In light of trading conditions in Dubai this year, several hotels have boldly repositioned their signature restaurants. The culinary experts at Park Hyatt Dubai reveal the reasoning behind Traiteur’s relaunch as a French brasserie
Prior to relaunching on October 1, 2009 as a French brasserie, Traiteur at Park Hyatt Dubai was a “modern European restaurant with French influences”, according to the hotel’s director of food and beverage Michael Allegria.
Now, with a “passionate and open-minded” French chef heading up the outlet, the focus is much more on providing French cuisine in a French atmosphere, rather than merely drawing upon some elements of the country’s cuisine.
With 12 years’ experience working in French restaurants for various French chefs, new chef de cuisine Franck Detrait describes his menu as “revisited traditional”.

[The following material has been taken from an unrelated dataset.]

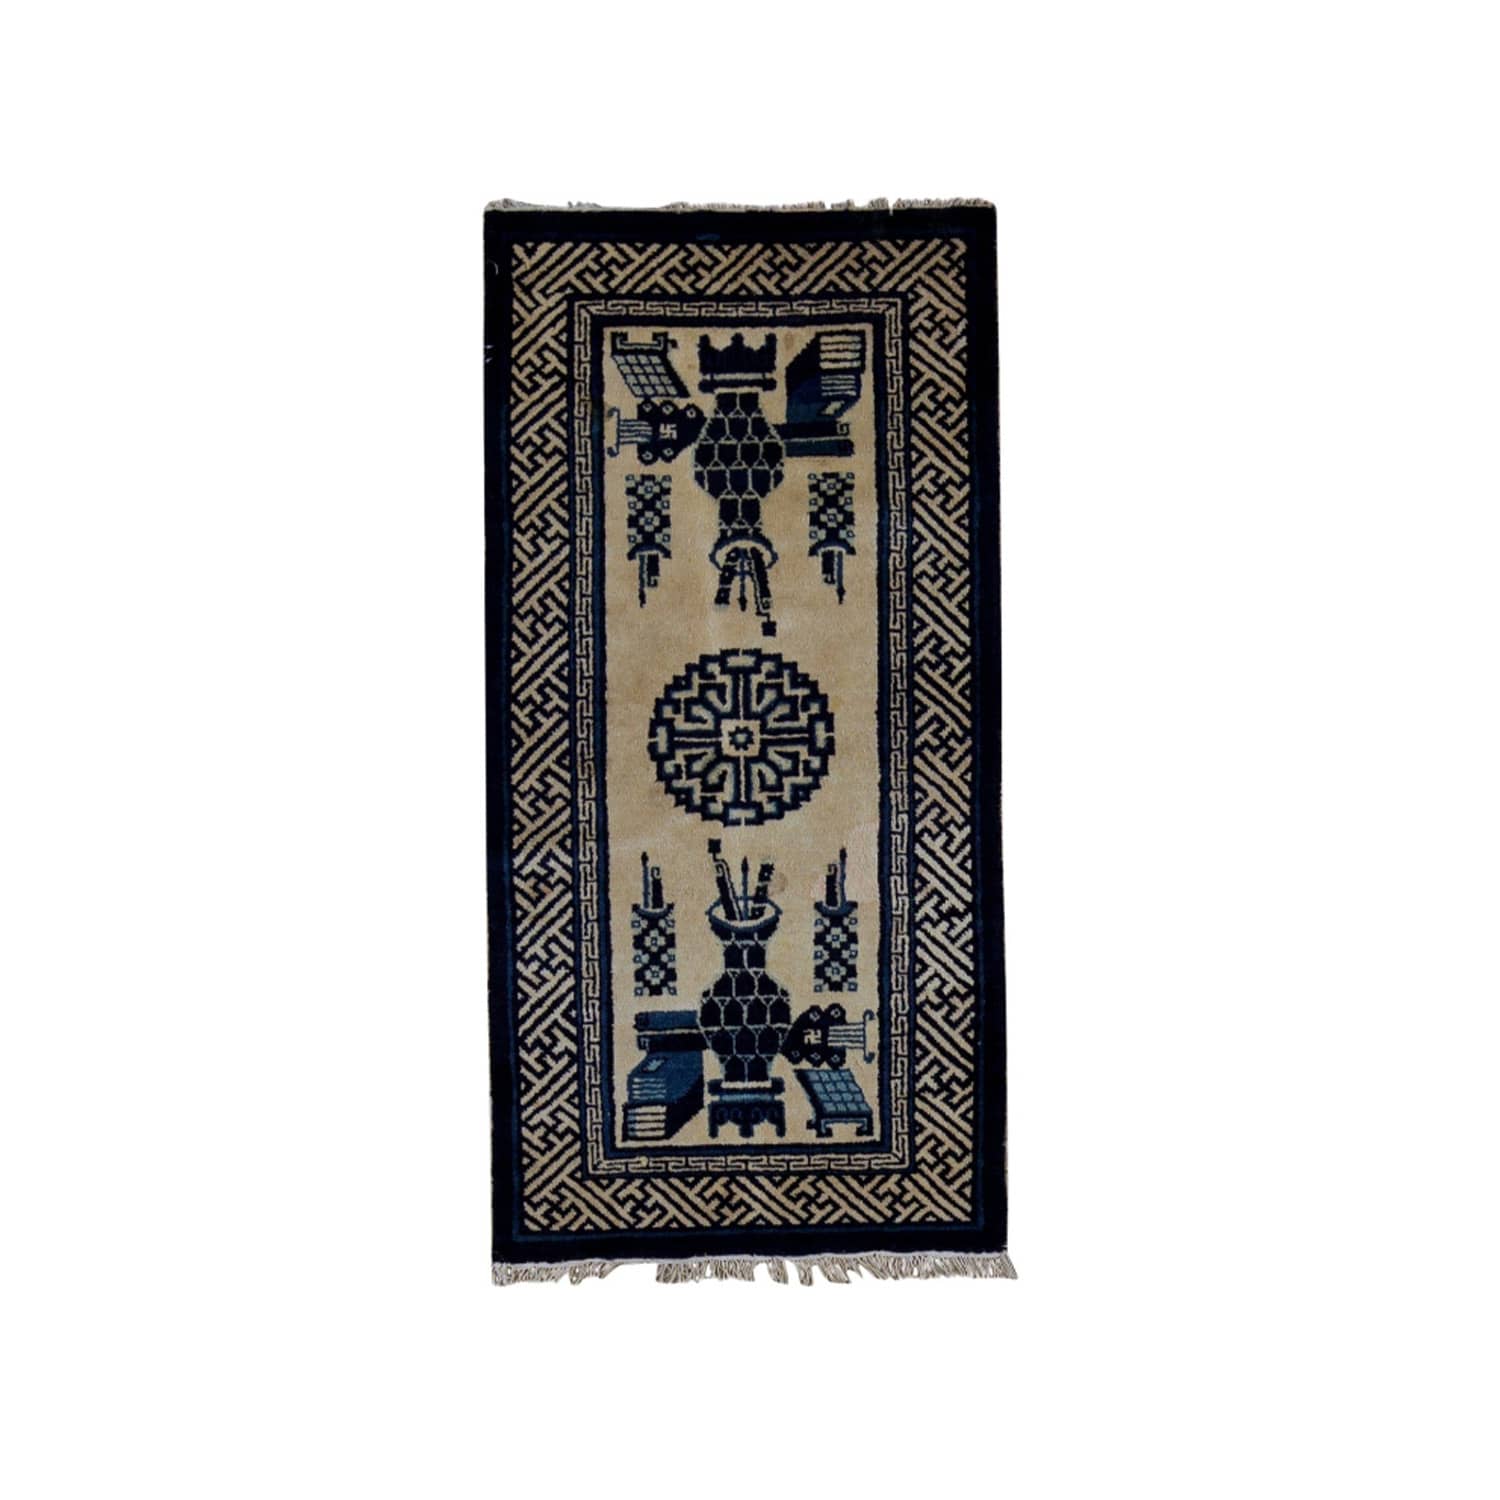 Where to Buy Vintage Rugs Online | Apartment Therapy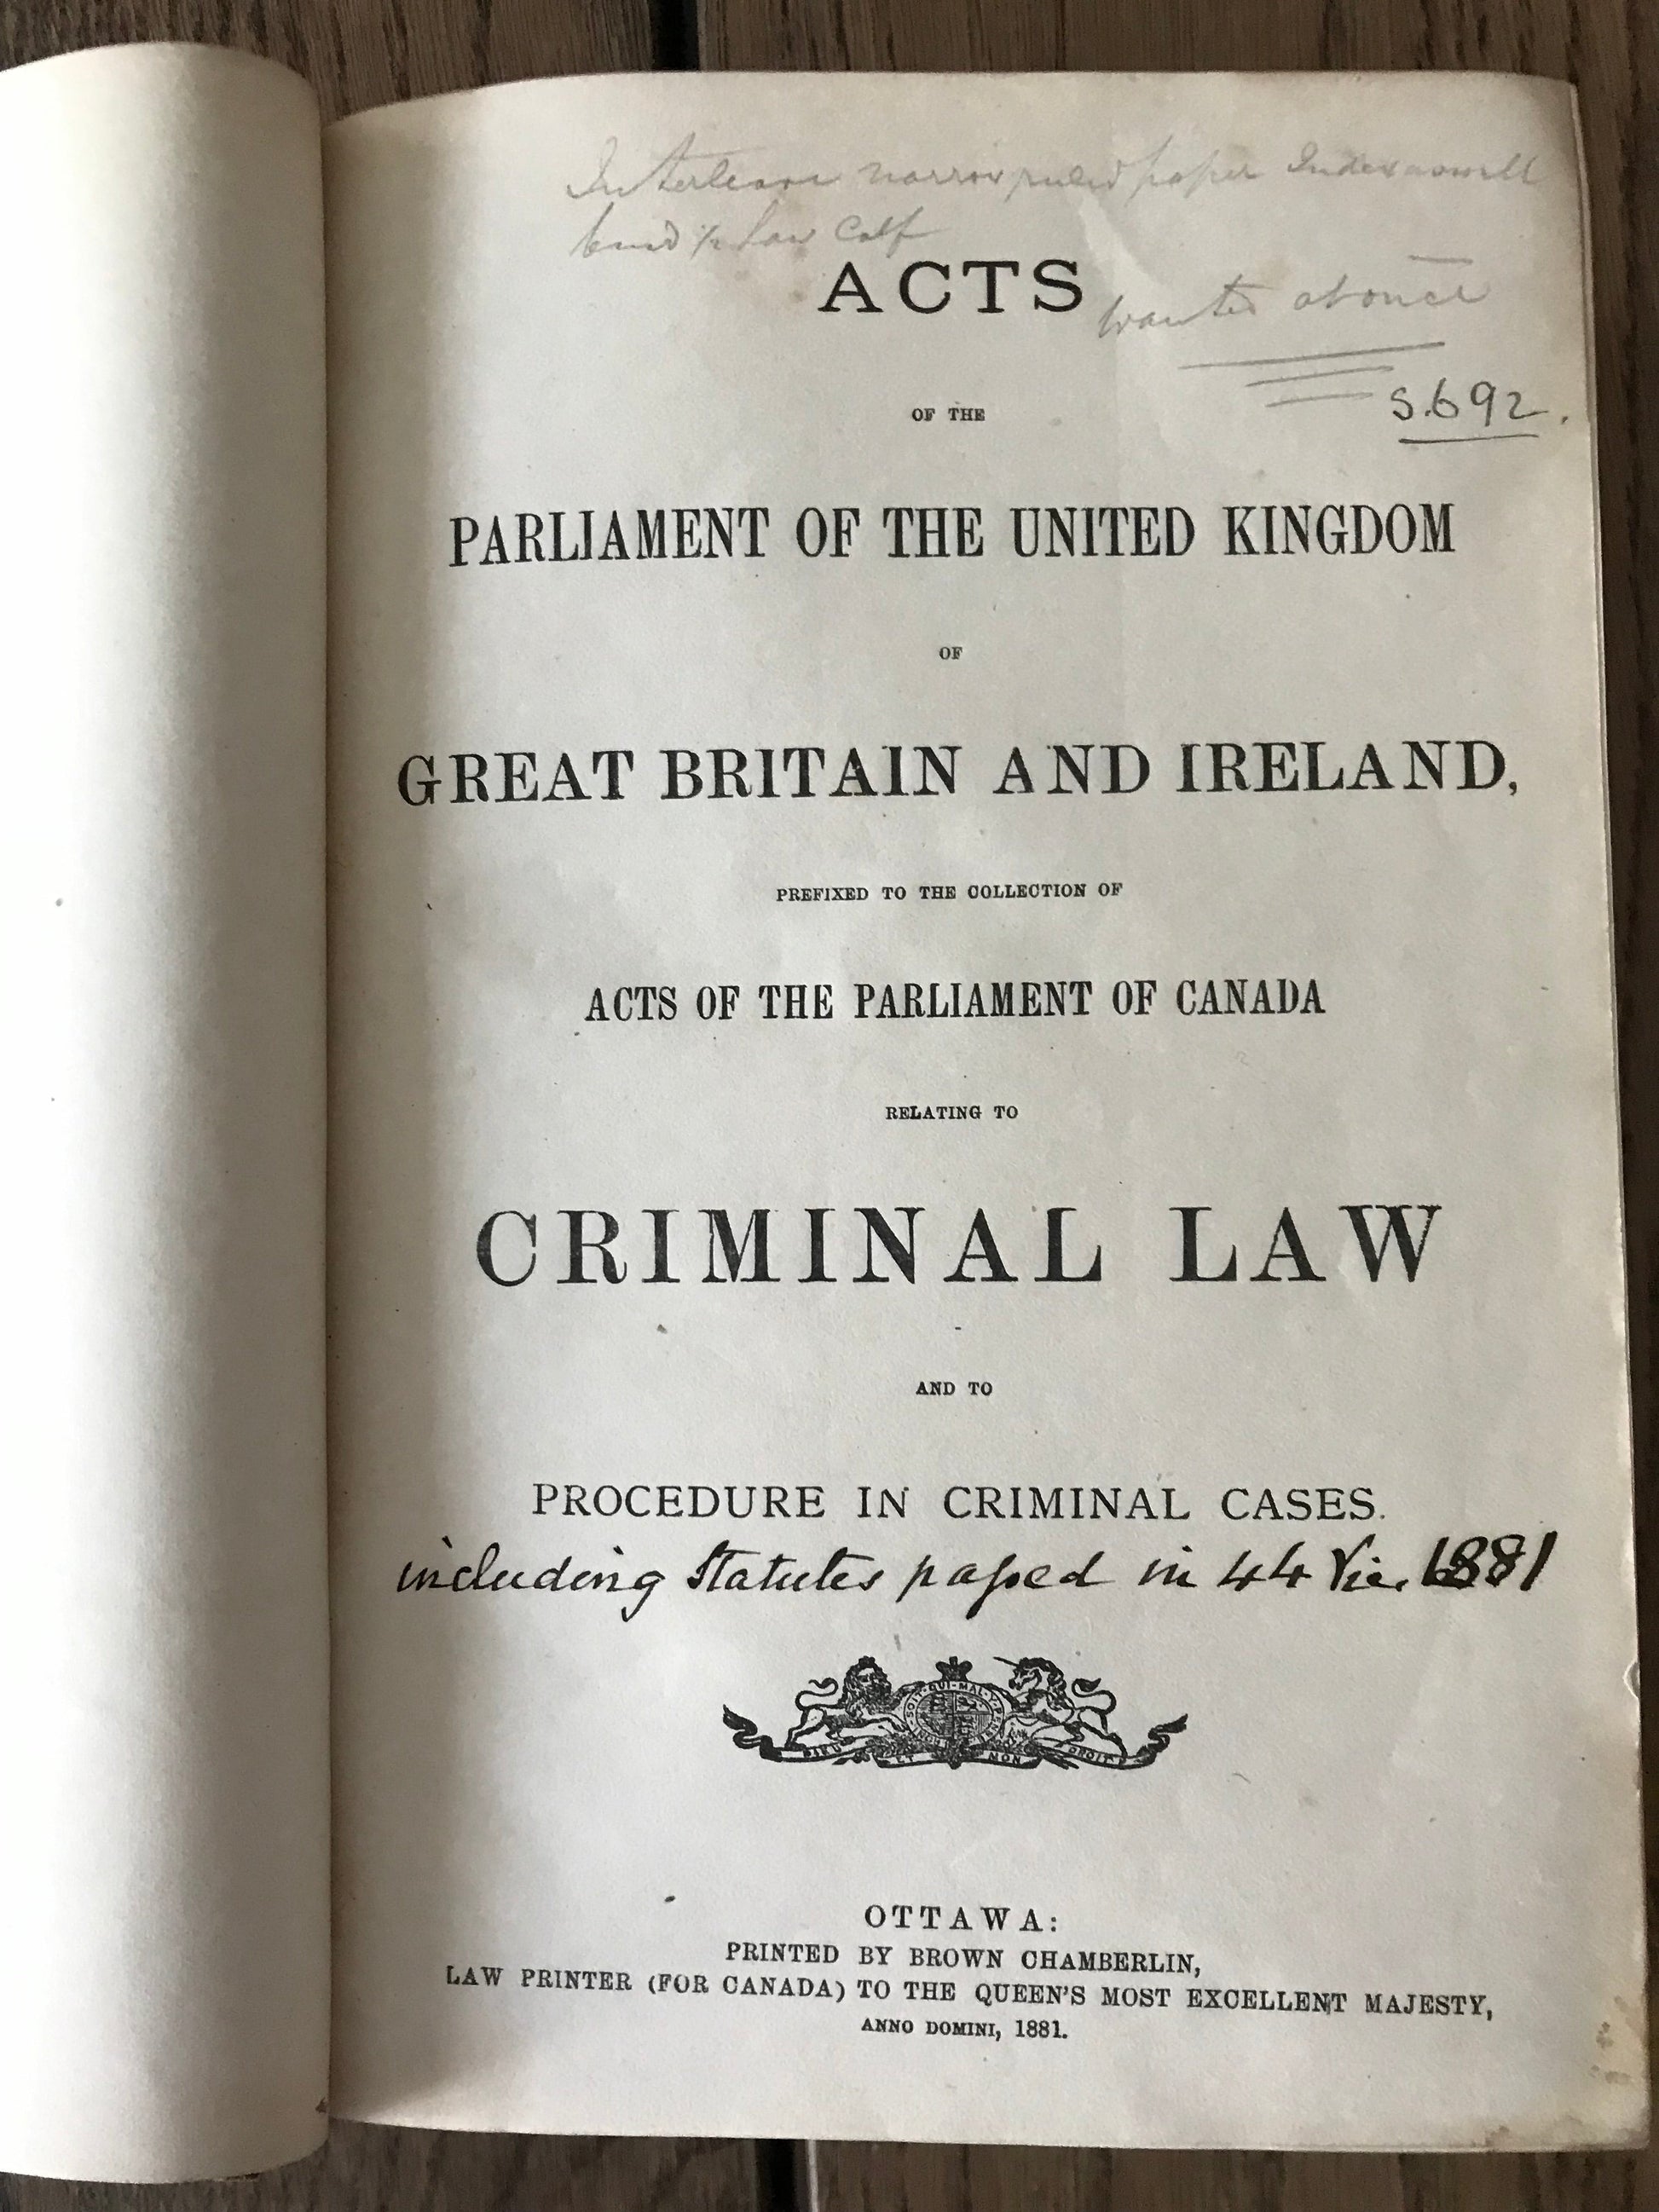 ACTS OF THE ...PARLIAMENT OF CANADA RELATING TO CRIMINAL LAW .... UNATTRIBUTED AUTHOR BooksCardsNBikes

To explain exactly what this means — and to find out why lowering prices was an important part of the relaunch strategy — Hotelier Middle East caught the hotel’s culinary team in action.
Chef de cuisine Traiteur
What influences from your 12 years’ experience did you draw upon in creating the new menu at Traiteur?
My 12 years’ experience allows me to have a strong basis [for menu creation]. The Traiteur menu is a combination of all the French courses that I have attended, where I learnt how to prepare a variety of cuisine from diverse backgrounds.
Were there any particular ingredients that were hard to source?
I had to bring with me from France some products like the “jasmin essence” to constitute one of my main dishes, however, everything is easy to find in Dubai — it is just a question of the time it takes for delivery.
You describe your cuisine as “revisited traditional”. What does this mean?
I inspire myself through French traditional backgrounds and different sources, and then I try to mix the tastes to discover a perfect harmony between the ingredients — for example, “micuit” smoked salmon with the mango and passion fruit condiments.
And how have you translated your knowledge of French cuisine and French brasseries into creating the appropriate ambience at Traiteur?
Thanks to my background and experience, I have developed a “savoir faire” from the Parisian’s most famous places that enables me, with some facility, to reconstruct the same spirit and atmosphere at Traiteur.
This is your first role outside of France; how does working as a chef in Dubai differ from working as a chef in France?
Indeed, it is different because I deal with multicultural staff in Dubai, to whom I need to introduce the French ethics in cooking. However, I am very pleased with my team — they wish to learn from me and are very motivated by this new challenge.
How many people are there on your team and as a young chef, what is your approach to team management?
I have 12 people in my brigade from the commis to the sous chef. I have had the opportunity to manage different teams throughout my previous jobs and I applied these skills with this new adventure in Traiteur.
How would you say consumers have responded to the relaunch of Traiteur over the past month?
I have been in this position for one month and so far I have received good comments and feedback from the clients. In saying that, I am open-minded to all criticism I receive as it permits me to better satisfy the client’s needs and expectations.
Where would you like to see Traiteur in 12 months time?
Traiteur restaurant will be the place to be seen on the Dubai dining calendar. I see Traiteur as a classy and stylish restaurant with a French soul, good French cuisine and with an open kitchen that enables me to share my passion with my clients.